It’s half-past nine and somewhere in the house, a phone is ringing.
Ramadan is coming to an end and the mornings here are slow, lazy.
I assume the shrill tone is calling someone else – logistics for an unexpected power outage, one of the office staff unable to come in.
But as it continues beyond my colleague’s footsteps, I run to my room.
It’s the morning translator:
“Just a call to let you know,” he says, casual, unhurried.
“There’s a patient in ER with a gunshot wound... He's stable, under control"
Between the shoulders lie plenty of ways to kill a human being
With fluctuating tensions in the country and MSF projects closed following retributive attacks on patients, it’s the protocol to notify the project coordinator (my role) of all patients with gunshot wounds so they can assess and monitor the situation.
That information I can pass on, but my responsibility is primarily to the patient and my local colleagues.
I’m now well acquainted with the damage a single bullet can do. I ask about the injury.
“Just the chest or maybe abdomen, but he’s stable, under control...”
I throw the abaya and hijab (a cloak-like garment and head covering worn by some Muslim women) over my scrubs – my own security requirement for movements between our house and the hospital in a conservative rural area of Yemen – and hurry up the hill bound for ER.
The resuscitation room is far less animated than it should be.
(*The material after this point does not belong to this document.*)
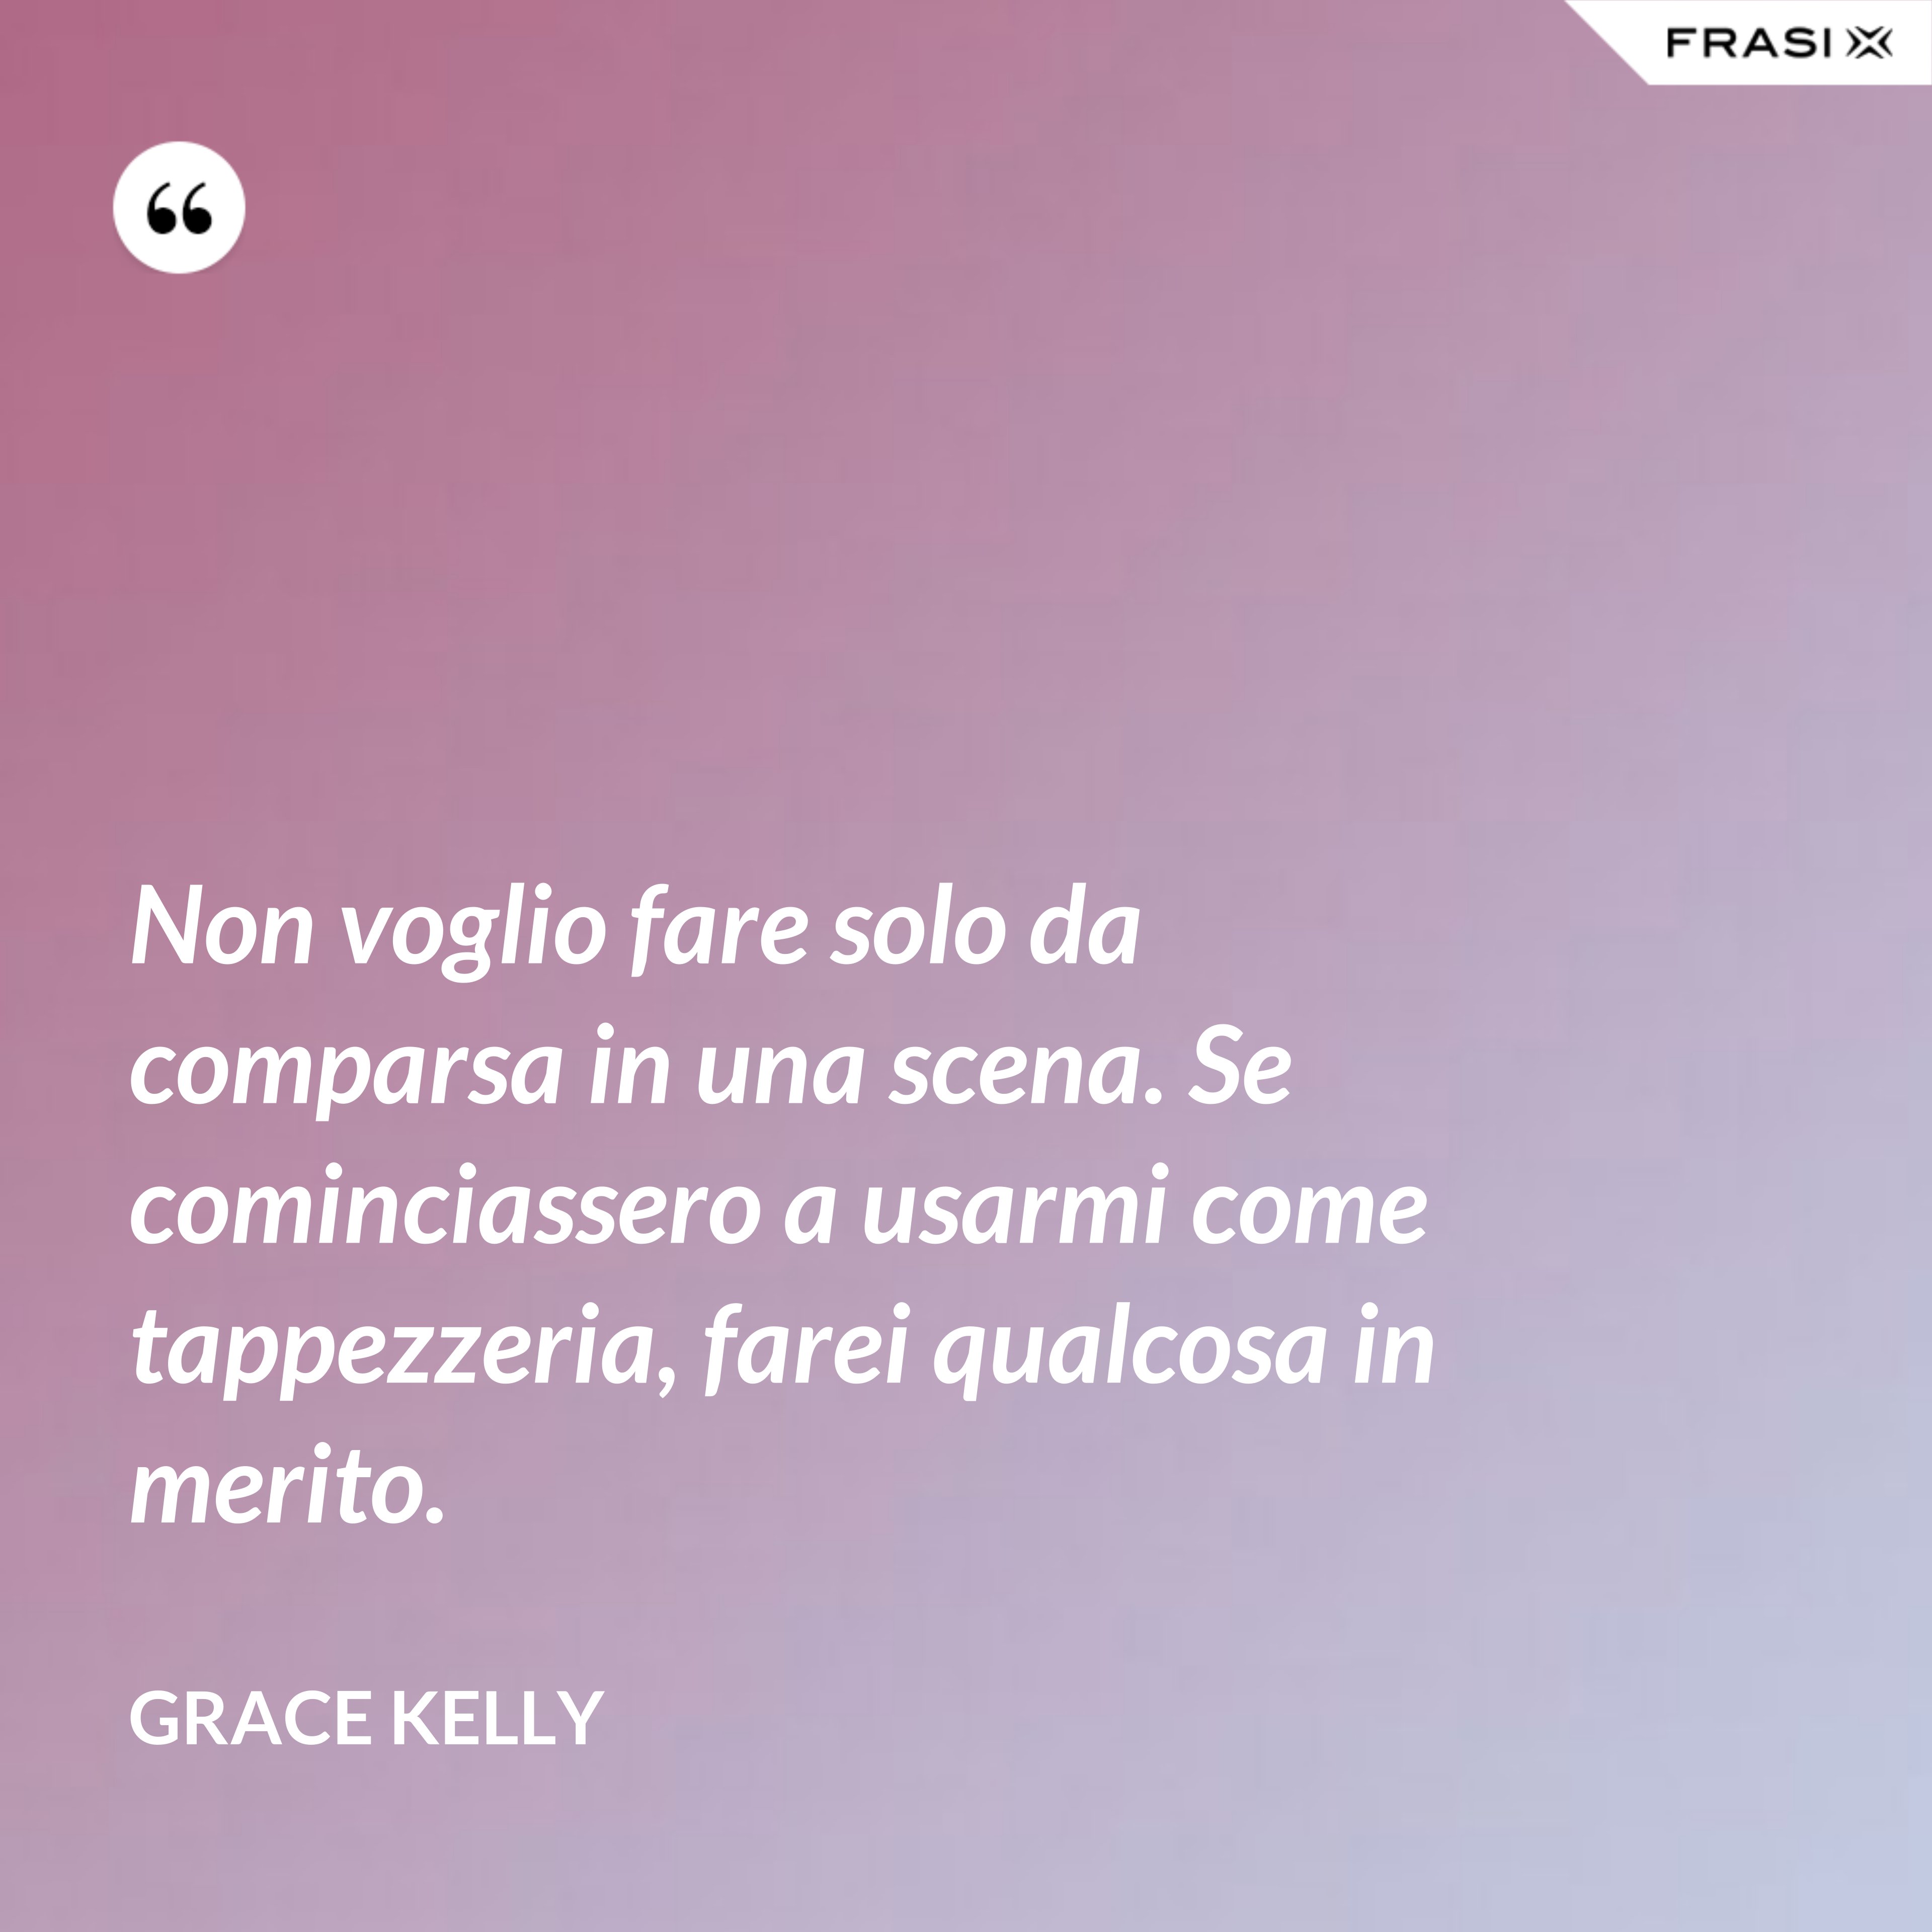 Non voglio fare solo da comparsa in una scena. Se cominciassero a usarmi come tappezzeria, farei qualcosa in merito. - Grace Kelly

The patient’s vitals seem OK but the person below the monitor is pale and sweaty, with rapid, laboured breathing.
It’s 10am and he’s saved a life...
There are fresh bandages swaddled around both the patient's shoulders, stemming the bleeding from entry and exit wounds inflicted from a single shot roughly an hour ago.
Between the shoulders lie plenty of ways to kill a human being.
Identifying the problem
He’s already had medication to stem the bleeding, control the pain and stave off the likely infections that come when a dirty, metallic missile rips through human flesh.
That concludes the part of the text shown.